Efficacy of different devices for transcatheter closure of patent foramen ovale assessed by serial transoesophageal echocardiography and rates of recurrent cerebrovascular events in a long-term follow-up

Blerim Luani, MD; Sinisa Markovic, MD; Ulrike Krumsdorf, MD; Wolfgang Rottbauer, MD; Jochen Wöhrle*, MD, FESC

Abstract

Aims: Closure of patent foramen ovale (PFO) is non-inferior to medical treatment for patients with cryptogenic stroke. Results in randomised trials might be based on the different types of used occluders. We determined residual shunting with serial contrast transoesophageal echocardiography (cTEE) and evaluated rates of recurrent cerebrovascular events in a long-term follow-up.

Methods and results: cTEE was repeated three and 12 months after PFO closure using AMPLATZER (n=109), BioSTAR (n=68), Cardia (n=104) or Premere (n=54) occluders. Closure was demonstrated in 91.6% and 95.9% of patients after three and 12 months. Closure rates were not different among groups (p=0.58; p=0.94). The PFO diameter was a risk factor for residual shunting (p=0.02), but not the prevalence of an atrial septal aneurysm (ASA). During follow-up, including 1,815 patient-years (PY), eight patients suffered a stroke (0.44/100 PY) and seven patients a transient ischaemic attack (0.39/100 PY). Rates of recurrent cerebrovascular events were similar among the four groups.
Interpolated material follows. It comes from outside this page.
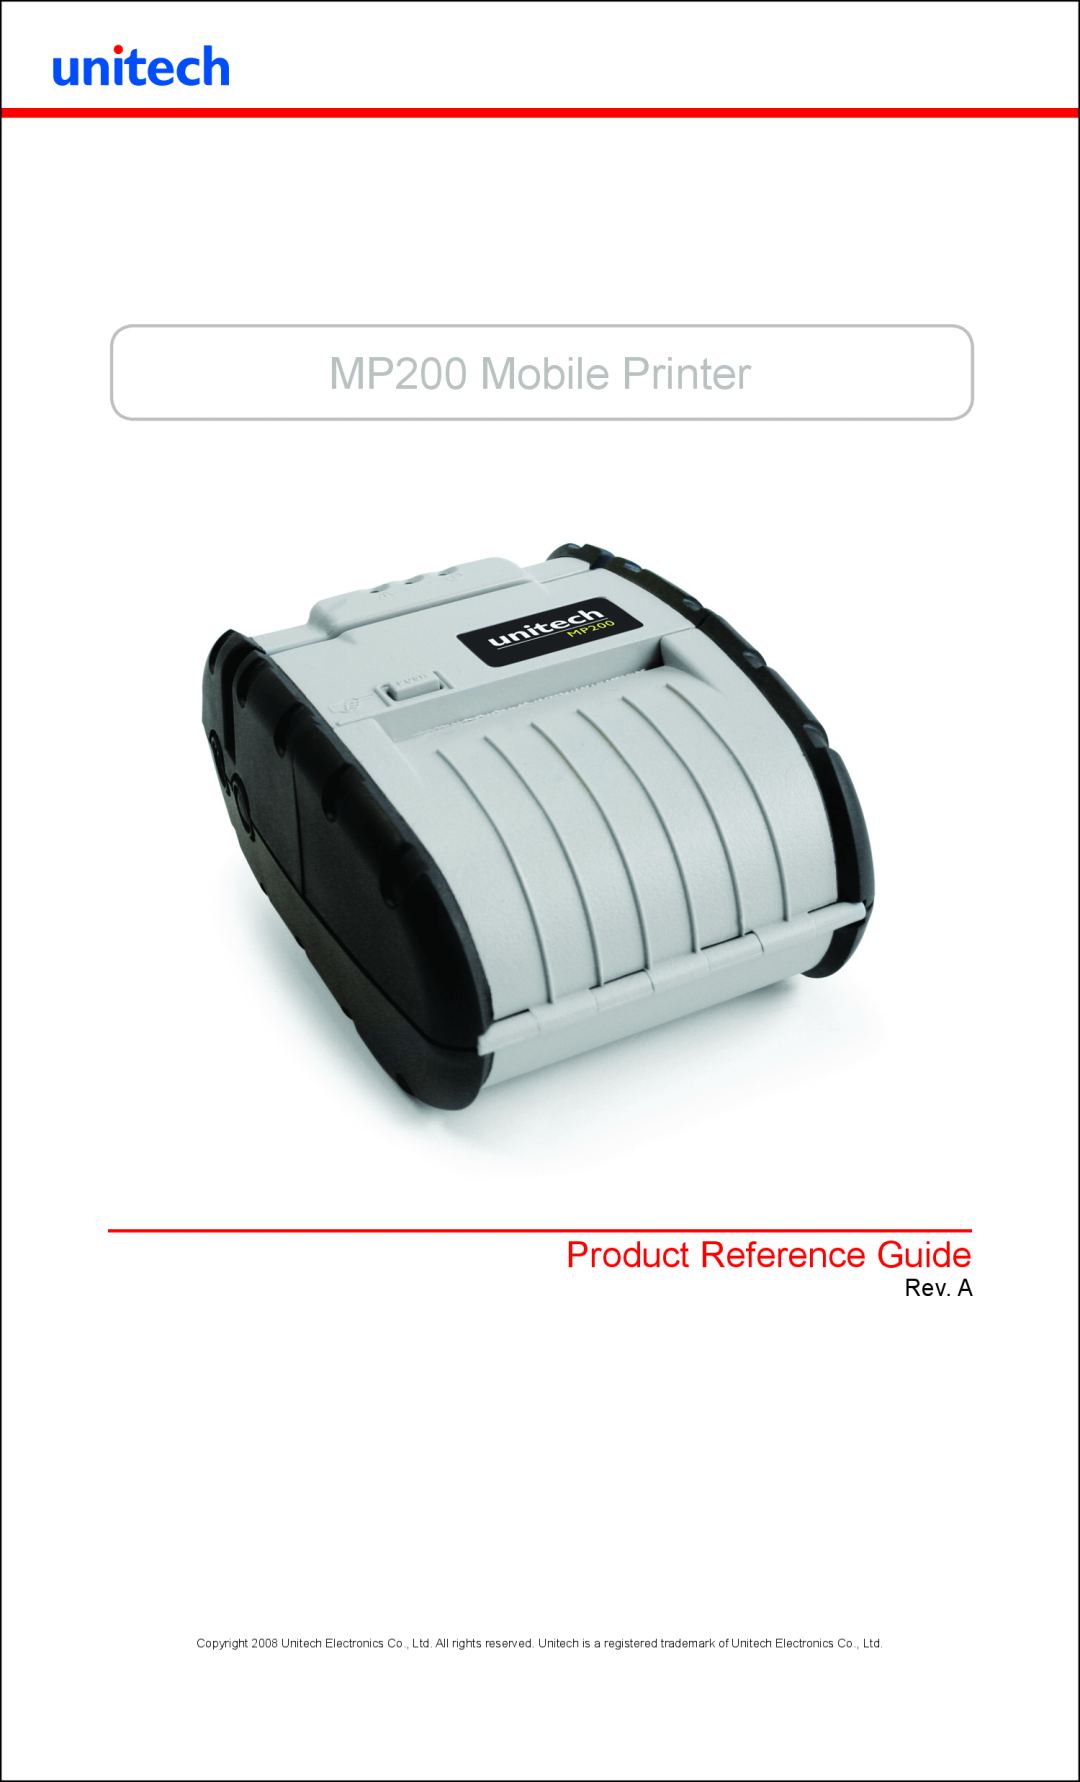 Unitech manual MP200 Mobile Printer, Product Reference Guide

Conclusions: Closure at three or 12 months (as measured by cTEE) and rates of recurrent cerebrovascular events were similar among occluder groups. PFO diameter was a risk factor for residual shunting, but not the presence of ASA. The rate of recurrent cerebral ischaemic events was low.

Introduction

Patent foramen ovale (PFO) has been linked to several disorders such as cryptogenic embolic events, migraine, decompression illness and platypnoea orthodeoxia. The cerebral circulation is mainly involved in patients with cryptogenic embolic events based on presumed paradoxical embolism, but other vessel territories such as coronary arteries are also affected1. PFO closure in those patients has been discussed2,3. Several meta-analyses4,5 and a propensity score-matched study6 showed a lower rate of recurrent stroke after percutaneous transcatheter closure of PFO compared to medical treatment in patients with cryptogenic embolic events. Three randomised trials showed non-inferiority of transcatheter PFO closure compared with medical treatment alone for the prevention of recurrent stroke or transient ischaemic attack (TIA) in patients with cryptogenic cerebral events and PFO. In the RESPECT and PC trials7,8, there was a clear trend towards a lower recurrence rate after AMPLATZER™ device (St. Jude Medical, St. Paul, MN, USA) implantation, compared with medical treatment alone. In contrast, in the CLOSURE I trial9 device implantation showed similar results compared with medical therapy. These results were obtained with the STARFlex occluder, (NMT Medical, Boston, MA, USA) a closure device with a relatively low efficacy regarding closure, as reported in this trial, and an increased risk for thrombus formation compared to other devices10-14. Differences between these studies may be based on a different efficacy regarding closure of the PFO after device implantation. The acquisition of differences in the clinical outcome of these two treatment strategies requires long-term follow-up. Contrast transoesophageal echocardiography (cTEE) is the optimal method to discriminate the efficacy of PFO closure among different devices.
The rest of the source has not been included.